Again, as $A$ and $B$ are open, there exists $\varepsilon_A>0$ such that $a\in (a-\varepsilon_A,a+\varepsilon_A)\subset A$ for all $a\in A$, and also exists $\varepsilon_B$ such that $b\in (b-\varepsilon_B,b+\varepsilon_B)\subset B$ for all $b\in B$. Well, but the subsets $A,B$ are, not only open, but also dense, then we can expand this formulation such that whatever may be $x\in \mathbb{R}$ and $\varepsilon_A>0$, there will be some $a\in A$ such that $a\in (x-\varepsilon,x+\varepsilon)$, and the same argument can be applied to the subset open and dense $B$. We see, therefore, that whatever may be $x\in\mathbb{R}$ and $\varepsilon>0$, we have that $(x-\varepsilon_A,x+\varepsilon_A)\cap A\neq \varnothing$. We then verify that for whatever value for $x\in\mathbb{R}$ and $\varepsilon>0$ we have $(x-\varepsilon_B,x+\varepsilon_B)\cap B \neq \varnothing$ because $B$ is also dense. But if $A$ is dense, then exists $a\in A$ such that $a\in (x-\varepsilon_B,x+\varepsilon_B)\cap B$ and if $B$ is dense then exists $b\in B$ such that $b\in(x-\varepsilon_A,x+\varepsilon_A)\cap A$. We take $c=a=b$, and therefore $c\in A$ and $c\in B$, we see that exists $c\in A\cap B$ such that $c\in (x-\varepsilon_A,x+\varepsilon_A)\cap (x-\varepsilon_B,x+\varepsilon_B)\cap A\cap B\neq \varnothing$. As this is true for all $x\in \mathbb{R}$, it follows that $A\cap B$ is dense.
Best Answer
Your first paragraph is correct but almost certainly unnecessary, as you surely already know that the intersection of two open sets is always open. There are several problems with your second paragraph, however.

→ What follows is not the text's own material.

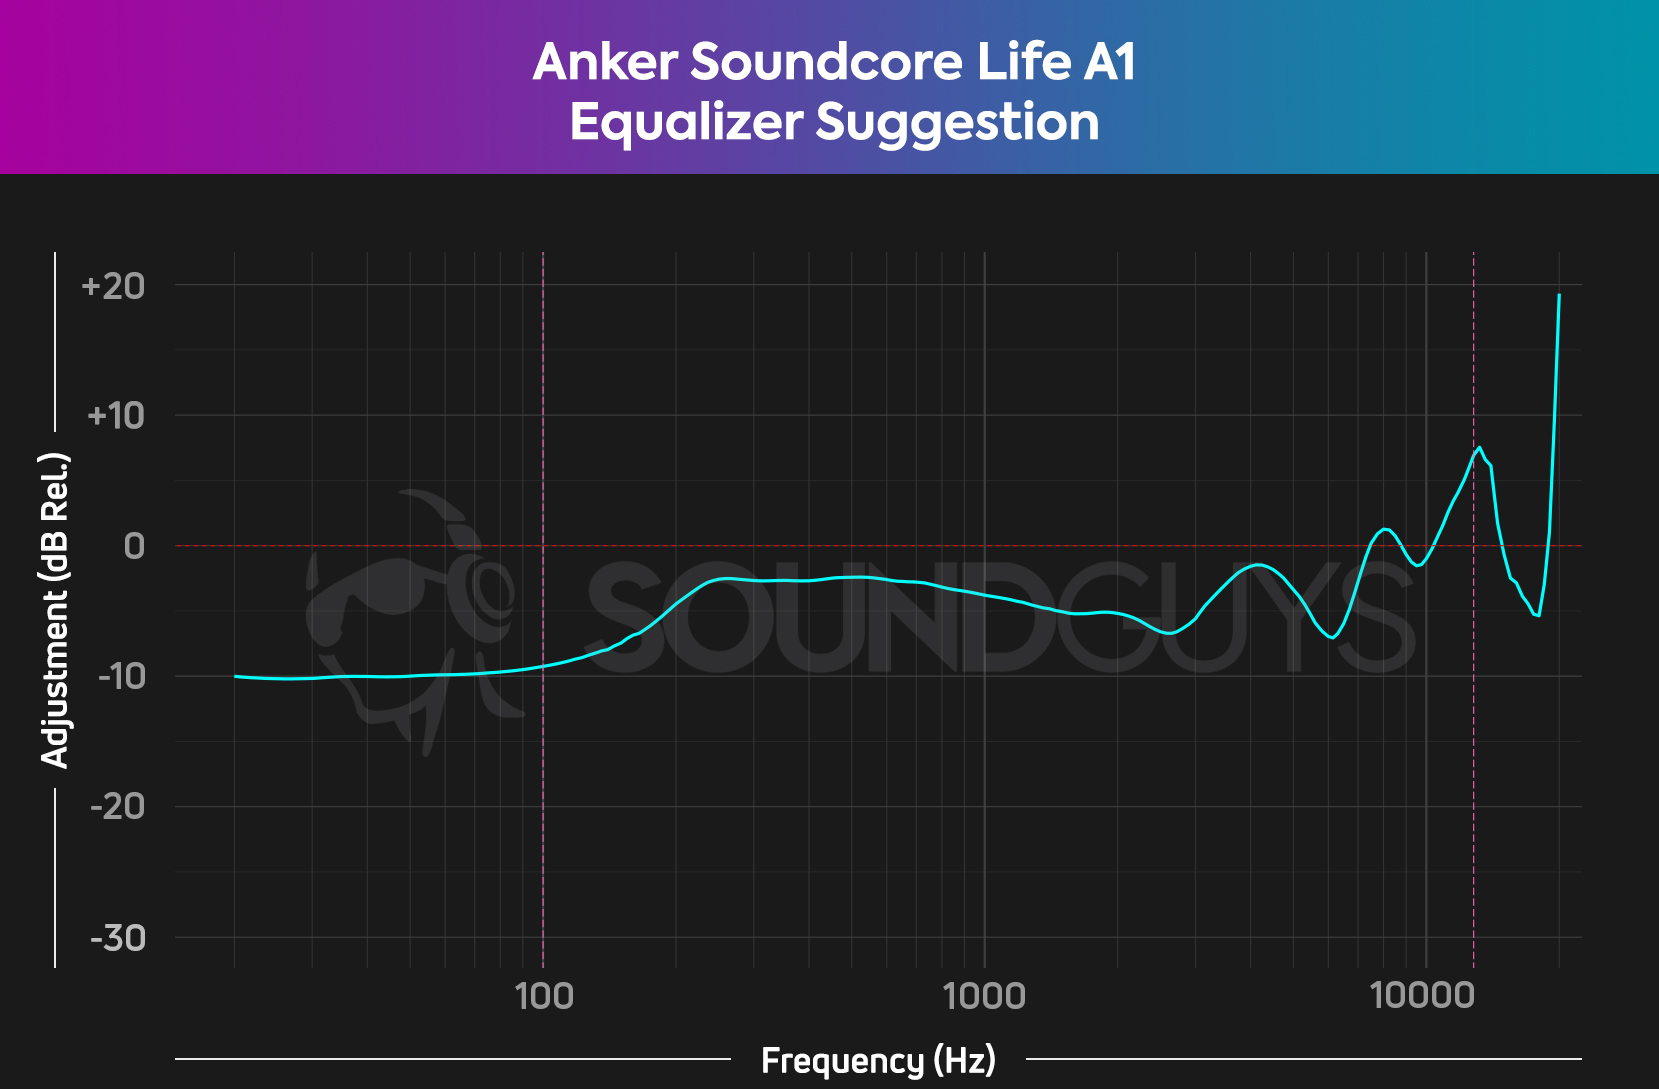 Chart shows suggested EQ settings for mobile apps with the Anker Soundcore Life A1.

First, your notation implies that there is a single $\epsilon_A>0$ such that for each $a\in A$, $(a-\epsilon_A,a+\epsilon_A)\subseteq A$; this, however, is false. For each $a\in A$ there is an $\epsilon_a>0$ such that $(a-\epsilon_a,a+\epsilon_a)\subseteq A$, but $\epsilon_a$ depends on $a$. The same comments apply, mutatis mutandis, to $\epsilon_B$. This could be bad writing on your part rather than a failure of understanding, but there is a clear error later in the paragraph when you say that we can take $c=a=b$: at that point in the argument you have no reason to think that it is possible to choose $a$ and $b$ to be the same point. Indeed, that is essentially what you are trying to prove.

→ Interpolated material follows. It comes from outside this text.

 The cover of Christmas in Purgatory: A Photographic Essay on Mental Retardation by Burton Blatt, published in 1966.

Specifically, you want to prove that for any $x\in\Bbb R$ and any $\epsilon>0$,
$$(x-\epsilon,x+\epsilon)\cap(A\cap B)\ne\varnothing\,.$$
$A$ is dense in $\Bbb R$, so we know that $$(x-\epsilon,x+\epsilon)\cap A\ne\varnothing\,;$$ let $a\in(x-\epsilon,x+\epsilon)\cap A$. Since $(x-\epsilon,x+\epsilon)\cap A$ is open there is a $\delta>0$ such that
$$(a-\delta,a+\delta)\subseteq(x-\epsilon,x+\epsilon)\cap A\;.$$
And $B$ is dense in $\Bbb R$, so we know that
$$(a-\delta,a+\delta)\cap B\ne\varnothing\,.$$
Let $b\in(a-\delta,a+\delta)\cap B$. Then
$$\begin{align*} b&\in(a-\delta,a+\delta)\cap B\\ &\subseteq\big((x-\epsilon,x+\epsilon)\cap A\big)\cap B\\ &=(x-\epsilon,x+\epsilon)\cap(A\cap B)\,, \end{align*}$$
i.e., $(x-\epsilon,x+\epsilon)\cap(A\cap B)\ne\varnothing$, and therefore $A\cap B$ is dense in $\Bbb R$.